Dougie chucks the newspaper down to me.

“I said I don’t want to read it.”

“Clock the photo. Looks like he’s chewing a wasp.”

Dougie’s description is pretty accurate. Derek’s face, normally so forgettable, looks thunderously resentful. Despite my indifference, I find myself reading the news article. There is a diplomatic quote from the network, thanking Derek for his work but explaining that they had to make room for exciting new characters aimed at younger audiences. Derek won’t like that. But he’s their problem now, they brought it on themselves.

A bluebottle is dozily circling the light. Boycott thinks the bowlers are banging it in too short. It’s a Saturday. And nothing in the newspapers is going to bother me ever again.

Louise, her camera operator and a sound man continued coming to our rehearsals and, to be honest, it was not nearly as intrusive or destructive as I had feared. She was consistently polite, always asking permission before she started filming and always respectful if we asked her to stop. This unsettled me still further. Again, this was not the woman I remembered.

The group seemed to quite like her and she seemed genuinely interested in all of them; but especially interested in two. One, obviously, was Albie, because he was such a mystery. Also, on camera, his translucence made him look like – to quote Louise – a spectre. The other was Gerald. My suspicion was that she had spotted a kindred spirit, someone else who – when bored – liked to push people’s buttons.

The performance is about ten days away when Gerald announces that he’s been working on a comedy stand-up routine that he would like to be included in the running order.

“What if it’s shit?” asks Dougie.

Gerald looks him squarely in the eye. “It’s not shit,” he informs him.

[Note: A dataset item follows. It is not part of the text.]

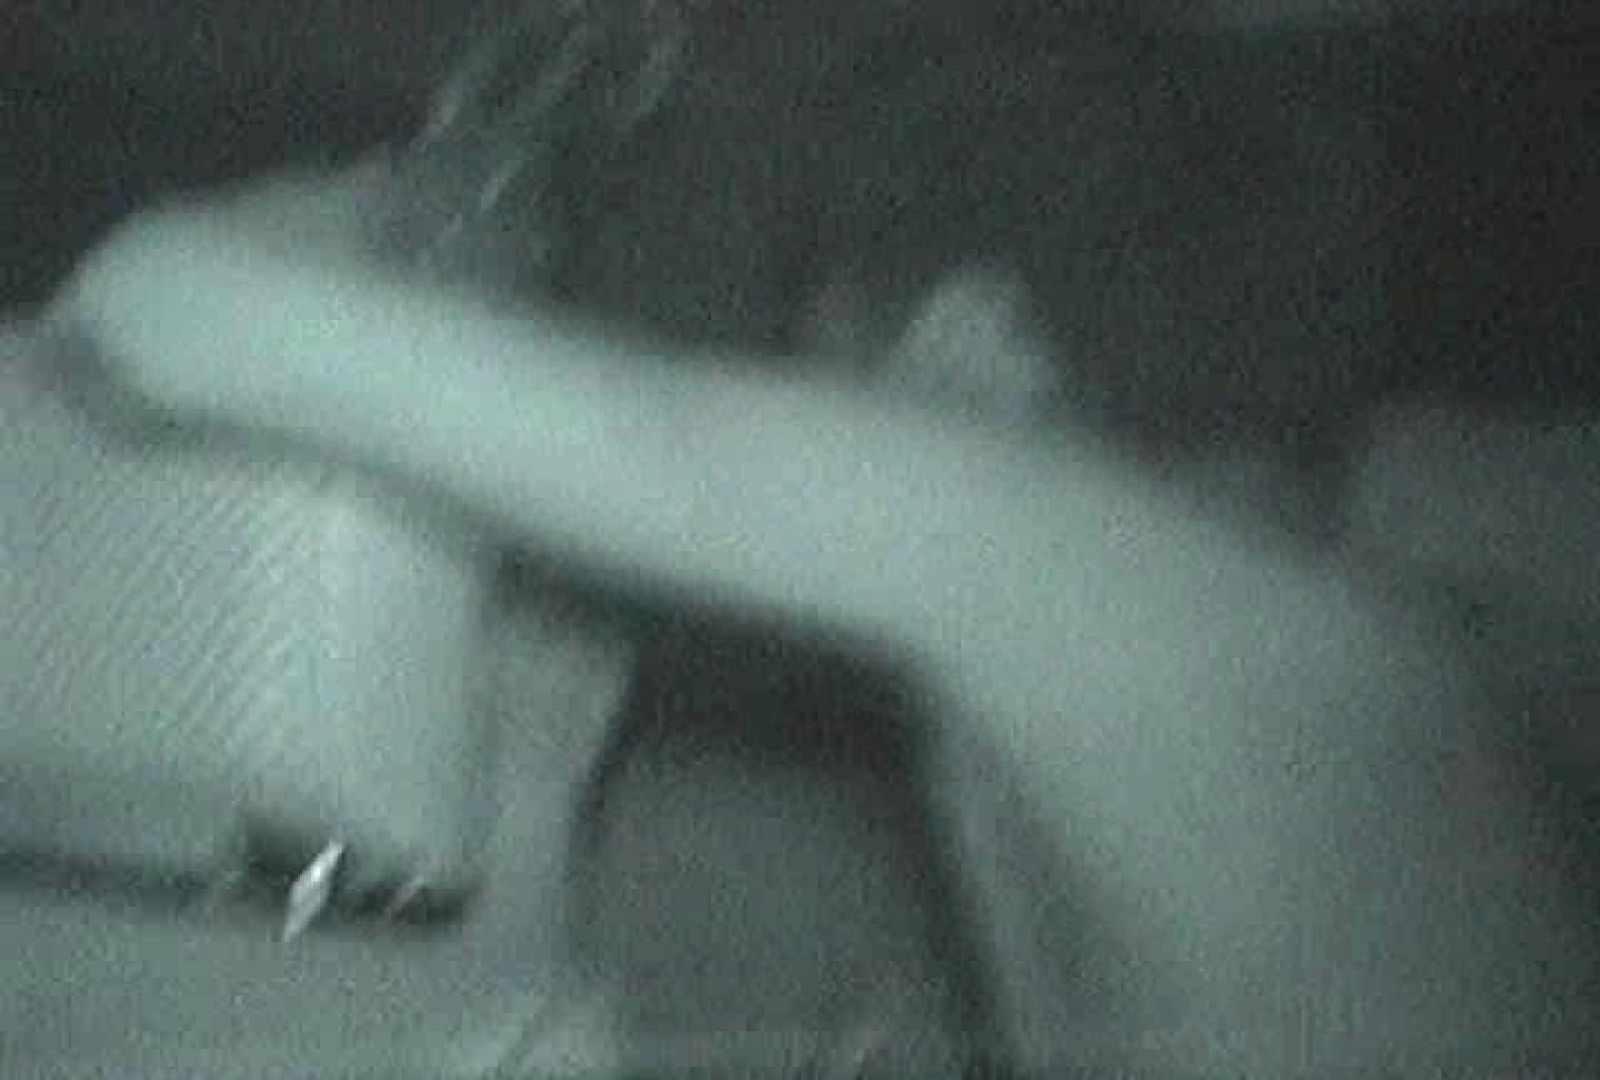 充血監督の深夜の運動会Vol.74 S級美女ギャル オマンコ動画キャプチャ 98画像 62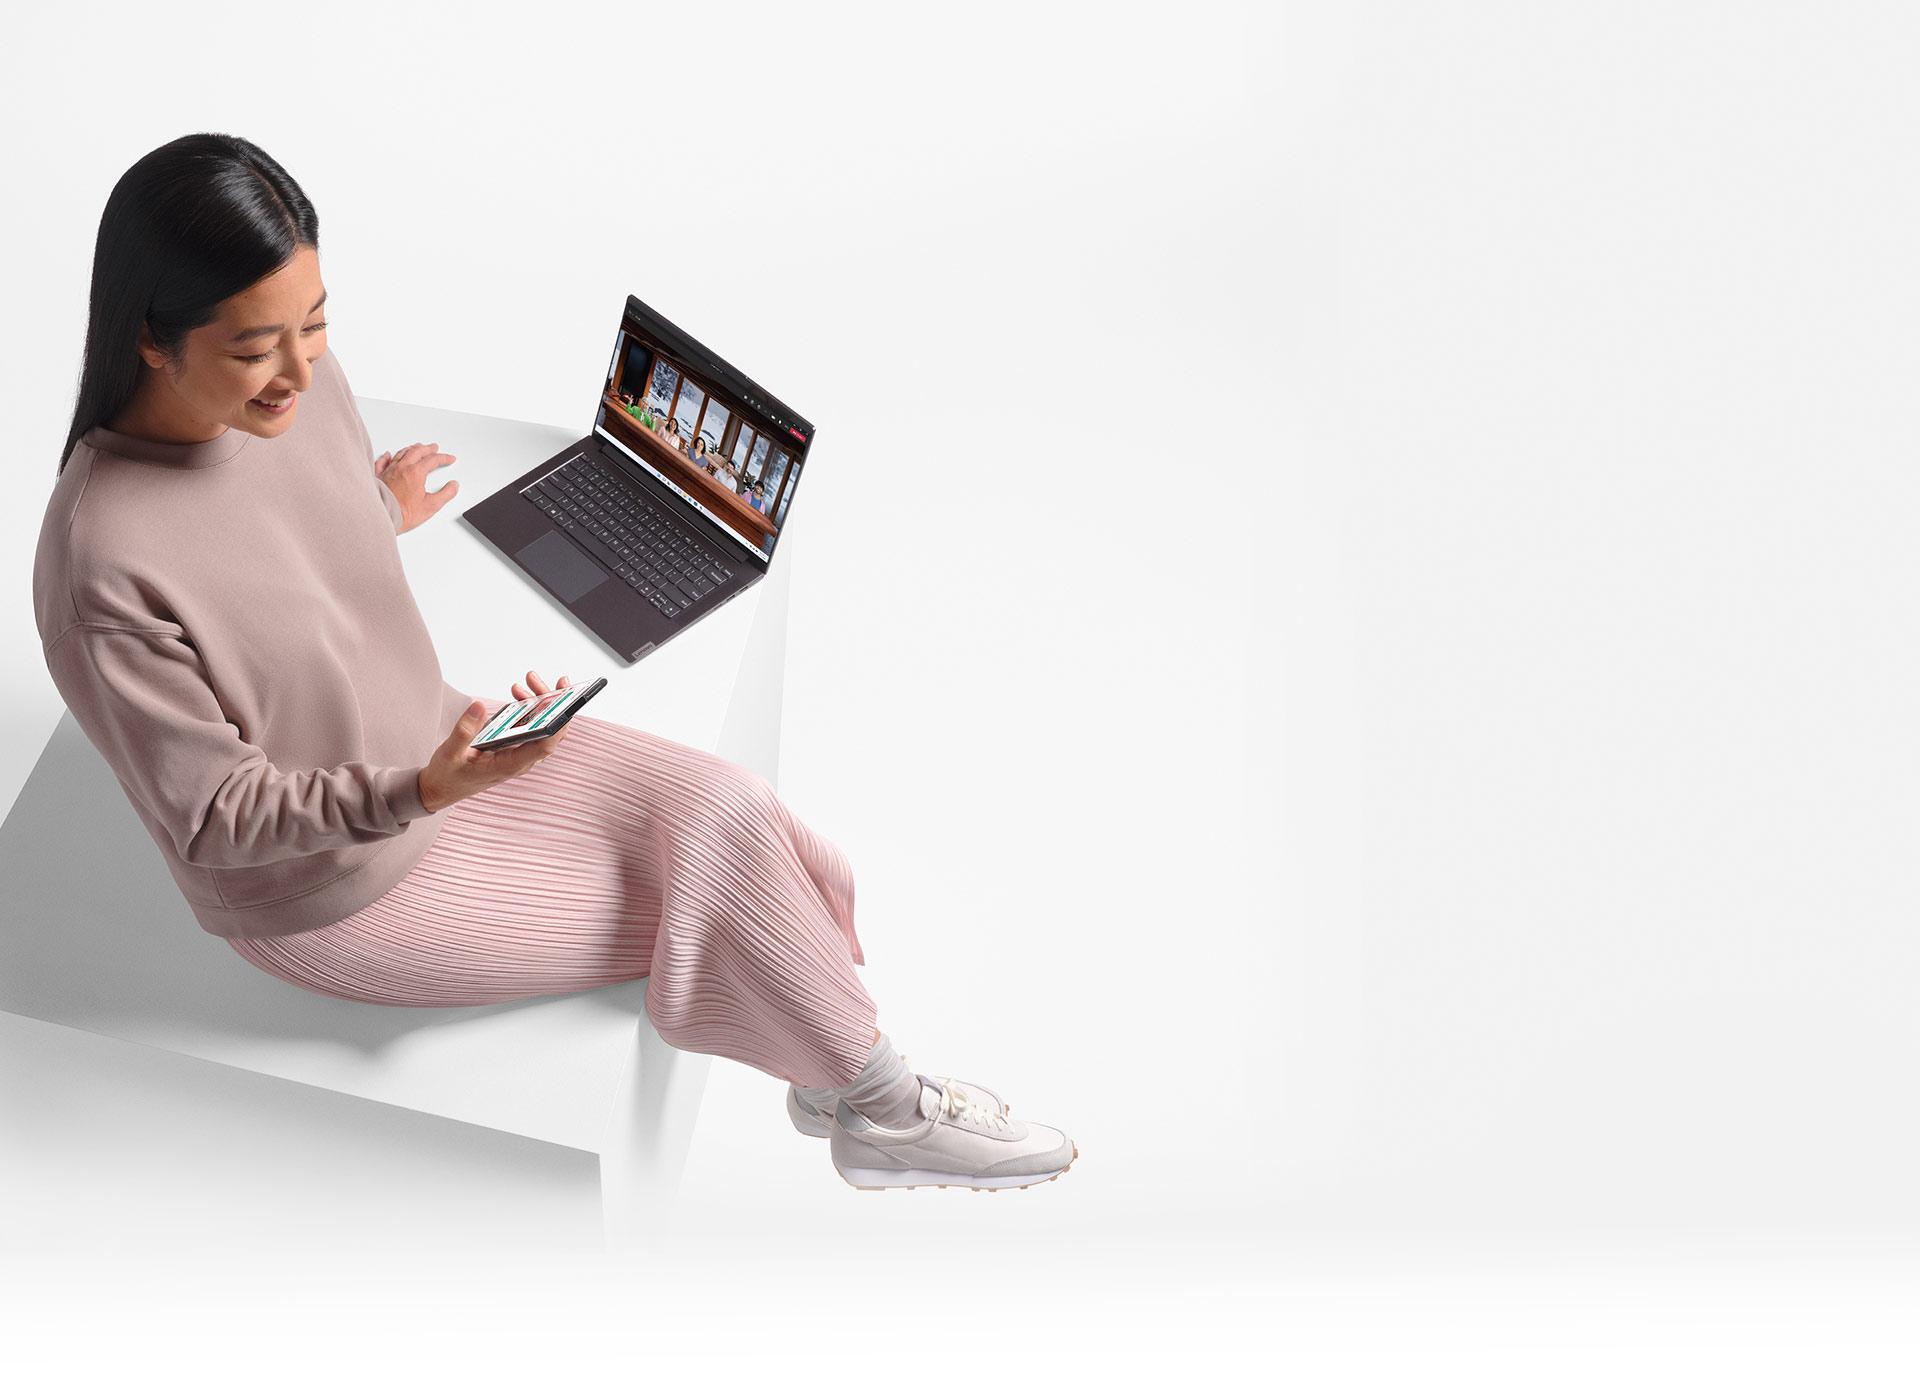 Bilgisayarın yanında oturan kadın telefonuna bakarak gülümsüyor

And he is right. From the first gag, Gerald is funny, often vicious, but funny. His act is a satirical tableau of prison life, mocking everything and everyone. He does a very well-observed parody of the governor’s liberal jargon and some brutal impersonations of some of the guards, the prison chaplain and the prison psychiatrist who loves his lustrous hair so much. Then he turns his attention to the inmates.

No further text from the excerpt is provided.